Единственным признаком того, что в замке ночевали сотрудники лаборатории, были следы грязи, которую они приносили с собой с улицы. Комочки земли лежали у входов во флигели. Хотя в самом факте не было ничего неожиданного, Ким удивило количество грязи. Ее было слишком много.
Эдвард продолжал пребывать в бодром, счастливом и приветливом состоянии. При этом он был по-прежнему очень напорист и настойчив. Он даже сделал жест, который напомнил ей о первых днях их знакомства, — прислал букет цветов, к которому была приколота записка: «В знак любви и признательности».
Единственный сбой в его поведении произошел утром в четверг, когда Ким как раз собиралась отправиться в замок. Эдвард ворвался в переднюю в весьма дурном расположении духа, можно сказать, просто в ярости. Не контролируя себя, он швырнул на телефонный столик свою записную книжку, чем поверг Ким в ужас,
— У тебя что-нибудь случилось? — спросила она.
— Вот уж действительно, черт возьми, случилось! Ничего хорошего не произошло, — сказал он. — Мне приходится идти сюда, чтобы воспользоваться телефоном. Стоит мне в лаборатории подойти к аппарату, как эти придурки толпой следуют за мной и слушают каждое мое слово. Это выводит меня из себя.
— А почему бы тебе не воспользоваться телефоном в приемной? Там же никого не бывает, — предложила Ким.
— Пробовал. Они и там подслушивают.
— Сквозь стены? — поинтересовалась Ким.
— Мне надо позвонить начальнику проклятого лицензионного отдела университета, — пожаловался Эдвард, проигнорировав замечание Ким. — Этот кретин затеял против меня настоящую вендетту.
Эдвард открыл книжку и начал искать номер телефона.
— Может быть, он просто пытается хорошо исполнять свои обязанности? — спросила Ким, зная, что нарывается на неприятности.
— Ты думаешь, что его работа заключается в том, чтобы травить меня? — закричал Эдвард. — Это просто невероятно! Вот бы никогда не подумал, что этот толстокожий идиот может выкинуть такой трюк. Ведь хватило же ума!

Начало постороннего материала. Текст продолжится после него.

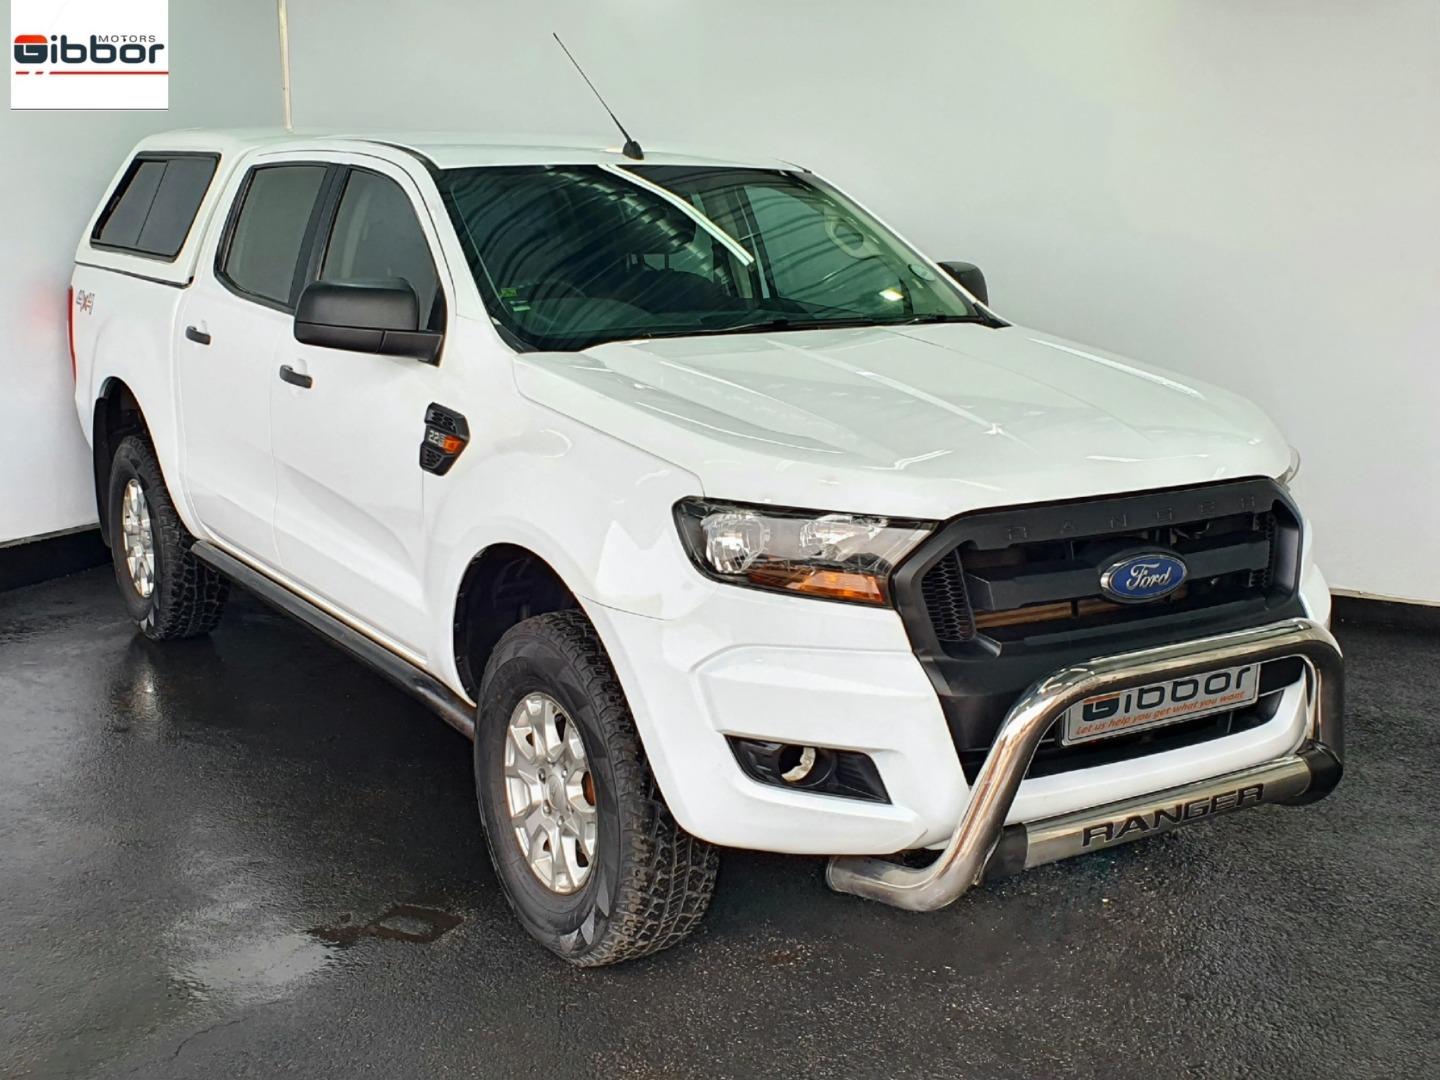 2016 Ford Ranger 2.2TDCi Double Cab Chassis Cab 4x4 XL-Plus For Sale

Ким почувствовала, что у нее от страха сильно забилось сердце. Она сразу вспомнила, как он швырял в камин бокал. Она боялась заговорить и стояла молча.
— Ну ладно, — сказал Эдвард. Голос его звучал совершенно спокойно. Он улыбался. — Такова жизнь. Бывают взлеты, бывают и падения.
Он сел и набрал номер.
Ким позволила себе немного расслабиться, но не сводила глаз с Эдварда. Она слышала, как он вполне корректно разговаривал с человеком, которого только что поносил последними словами. Повесив трубку, Эдвард отметил, что его собеседник все-таки способен прислушиваться к доводам разума.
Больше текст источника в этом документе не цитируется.